Different Provider APIs: OpenAI, Anthropic, Azure
Each provider has slightly different APIs, but the concepts are identical.
OpenAI’s Chat Completions API
# OpenAI format
payload = {
"model": "gpt-4-turbo",
"messages": [
{"role": "system", "content": "You are helpful"},
{"role": "user", "content": "Hello"}
],
"temperature": 0.7
}
Anthropic’s Messages API
import anthropic
client = anthropic.Anthropic(api_key="sk-ant-...")
message = client.messages.create(
model="claude-3-opus-20240229",
max_tokens=1024,
messages=[
{"role": "user", "content": "Hello"}
]
)
print(message.content[0].text)
Notice Anthropic provides an SDK, so you don’t directly use HTTP. The SDK handles authentication and request formatting.
Azure OpenAI
import openai
openai.api_type = "azure"
openai.api_key = "..."
openai.api_base = "https://your-resource.openai.azure.com/"
openai.api_version = "2024-02-15-preview"

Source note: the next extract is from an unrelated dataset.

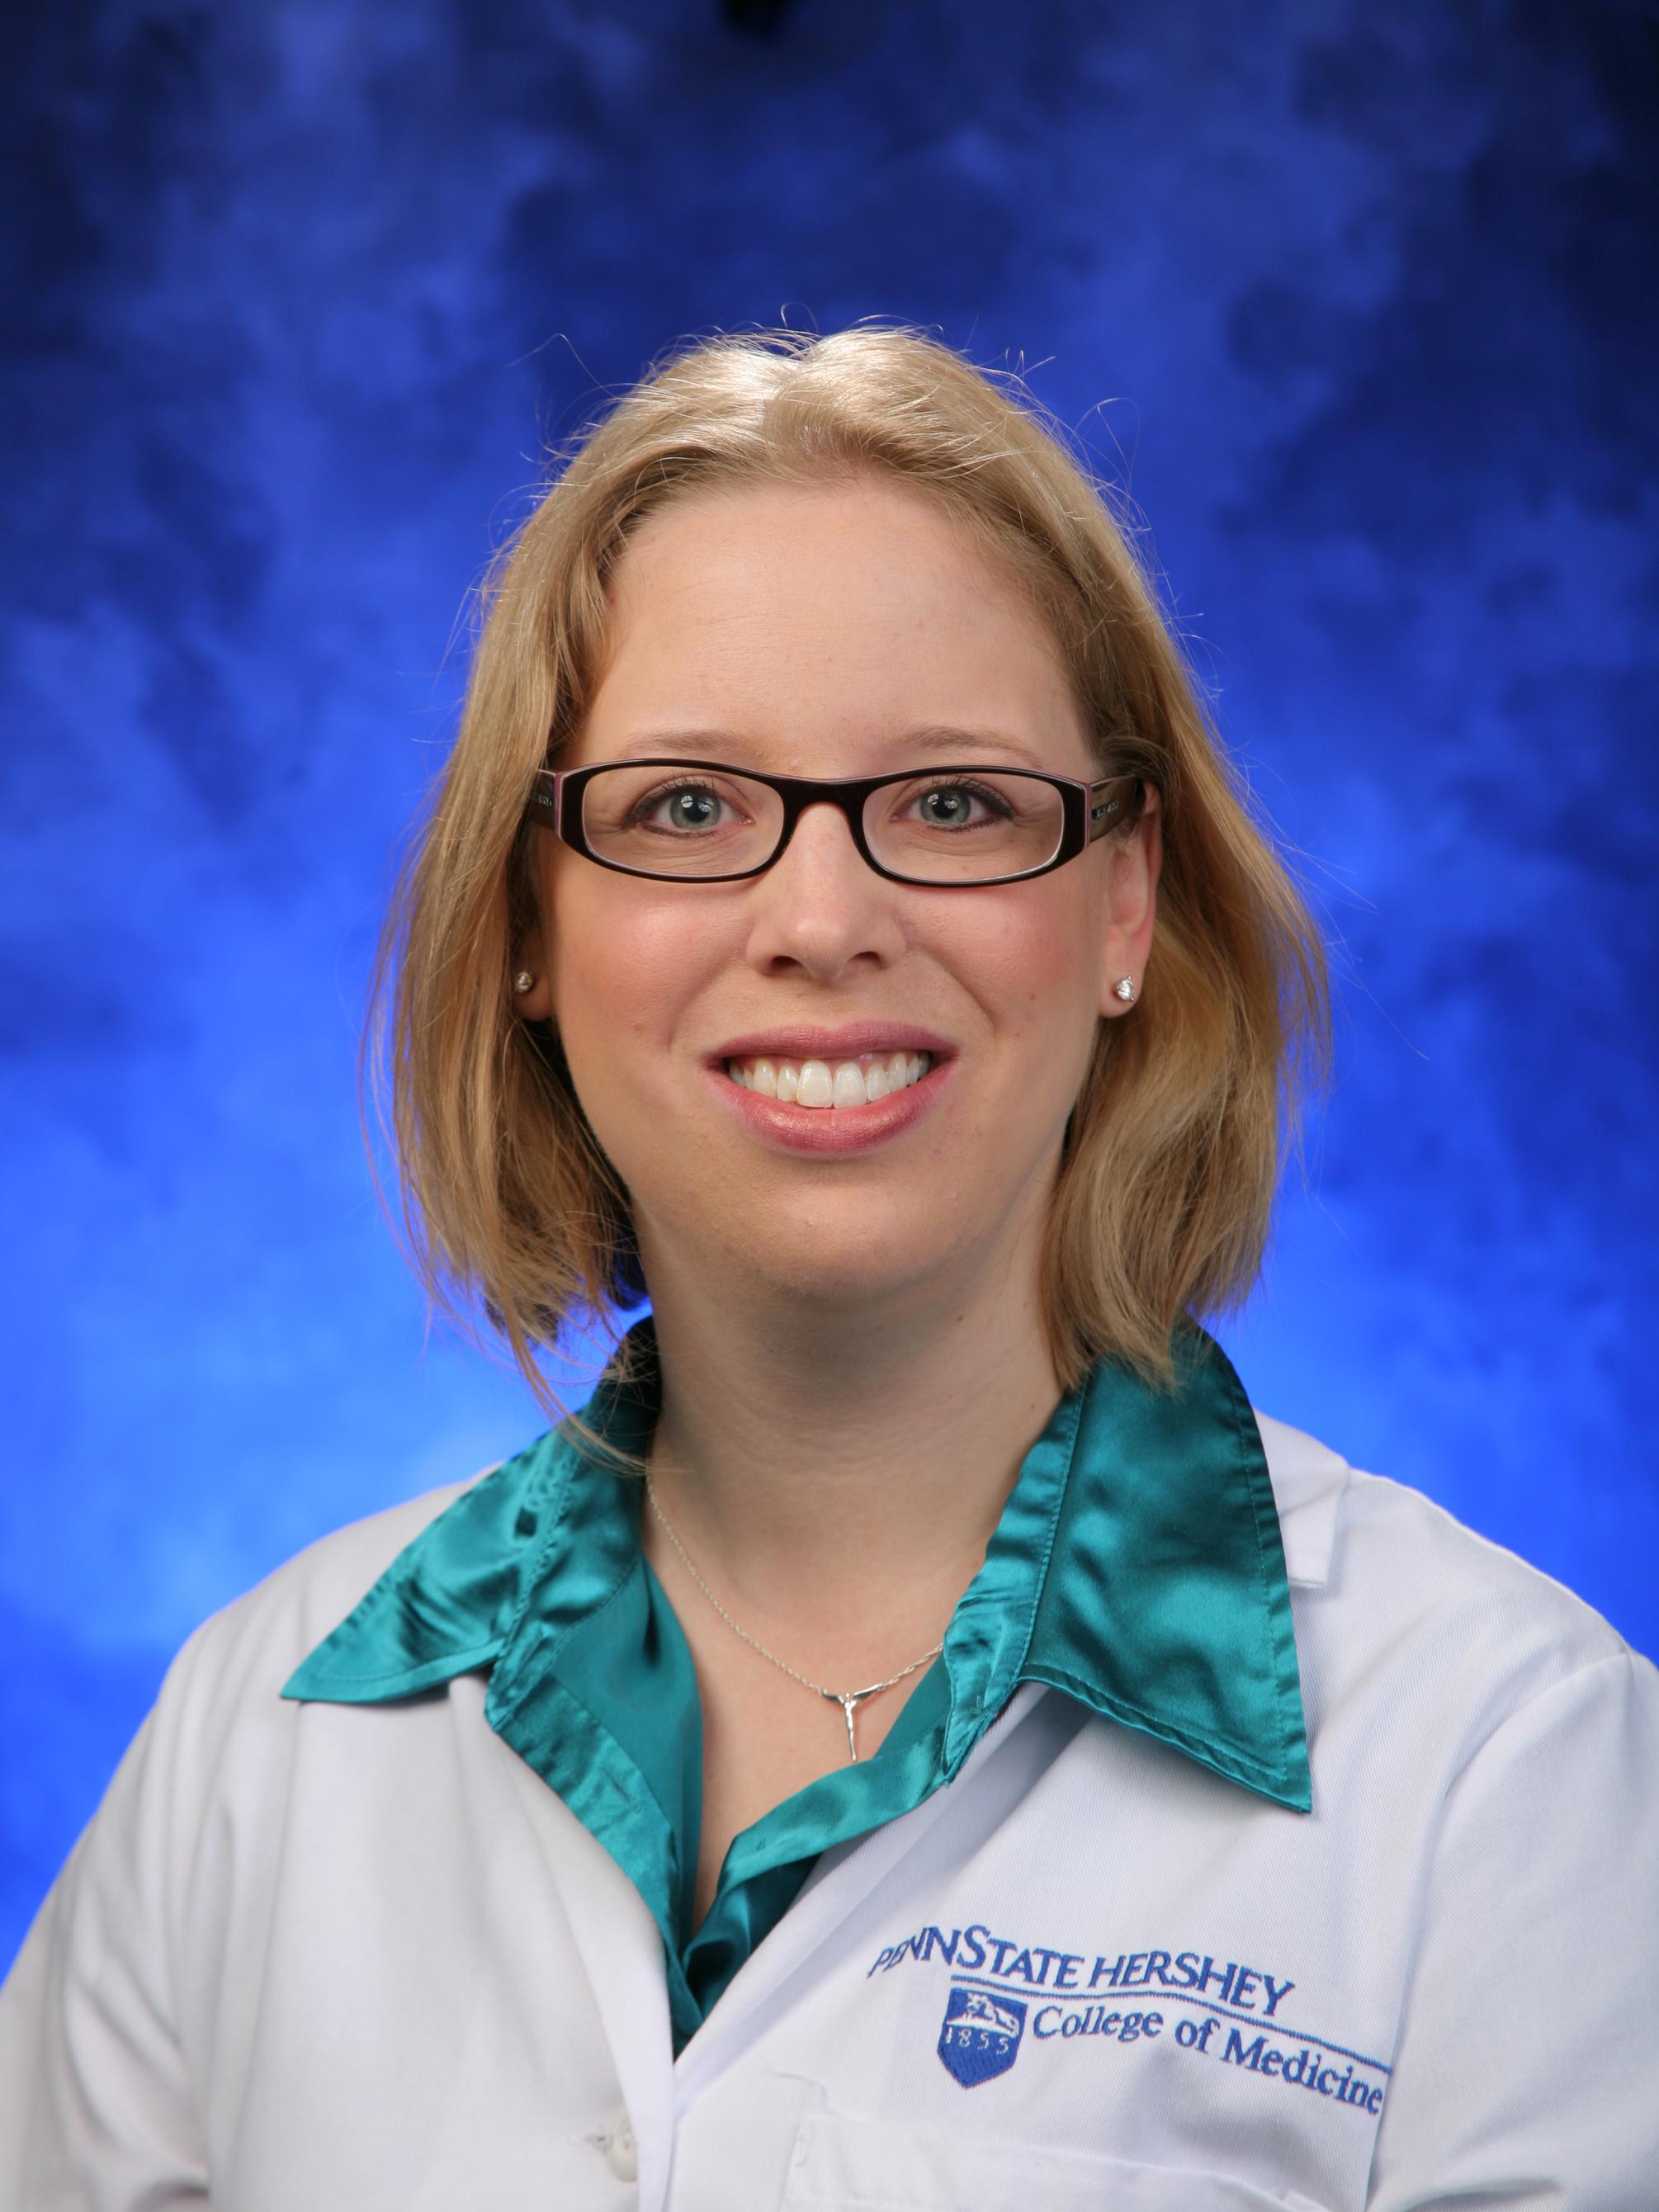 Jennifer Kraschnewski headshot with short blonde hair, glasses, green shirt and white Penn State College of Medicine lab coat

# Then use OpenAI's API as normal
response = openai.ChatCompletion.create(
engine="your-deployment-name",
messages=[{"role": "user", "content": "Hello"}]
)
Azure uses the same interface as OpenAI but requires additional configuration for Azure-specific endpoints and deployments.
Key Takeaway
LLM APIs abstract away the complexity of running models yourself. You send JSON over HTTP with your prompt and settings, and receive structured responses containing not just the text but also metadata like token counts and finish reasons. Authentication typically happens via API keys in headers. Different providers follow similar patterns but with different endpoints, parameter names, and SDKs—always check the documentation for your chosen provider.
Exercises
-
Set up API credentials: Create accounts with OpenAI and Anthropic. Store API keys in environment variables. Verify you can read them from your Python environment without hardcoding.
-
Make a synchronous API call: Write a Python function that calls an LLM API (either OpenAI or Anthropic) with a simple prompt. Print the response, token count, and any error messages.
-
Implement streaming: Modify your function to use streaming and display output as it arrives. Notice the latency difference compared to non-streaming.
-
Compare APIs: Make the same request to both OpenAI and Anthropic (if you have access). Compare the structure of requests, responses, and token counts for the same prompt.
-
Inspect the full response: Print the entire JSON response from an API call. Identify all fields—not just the message content. Understand what metadata is available.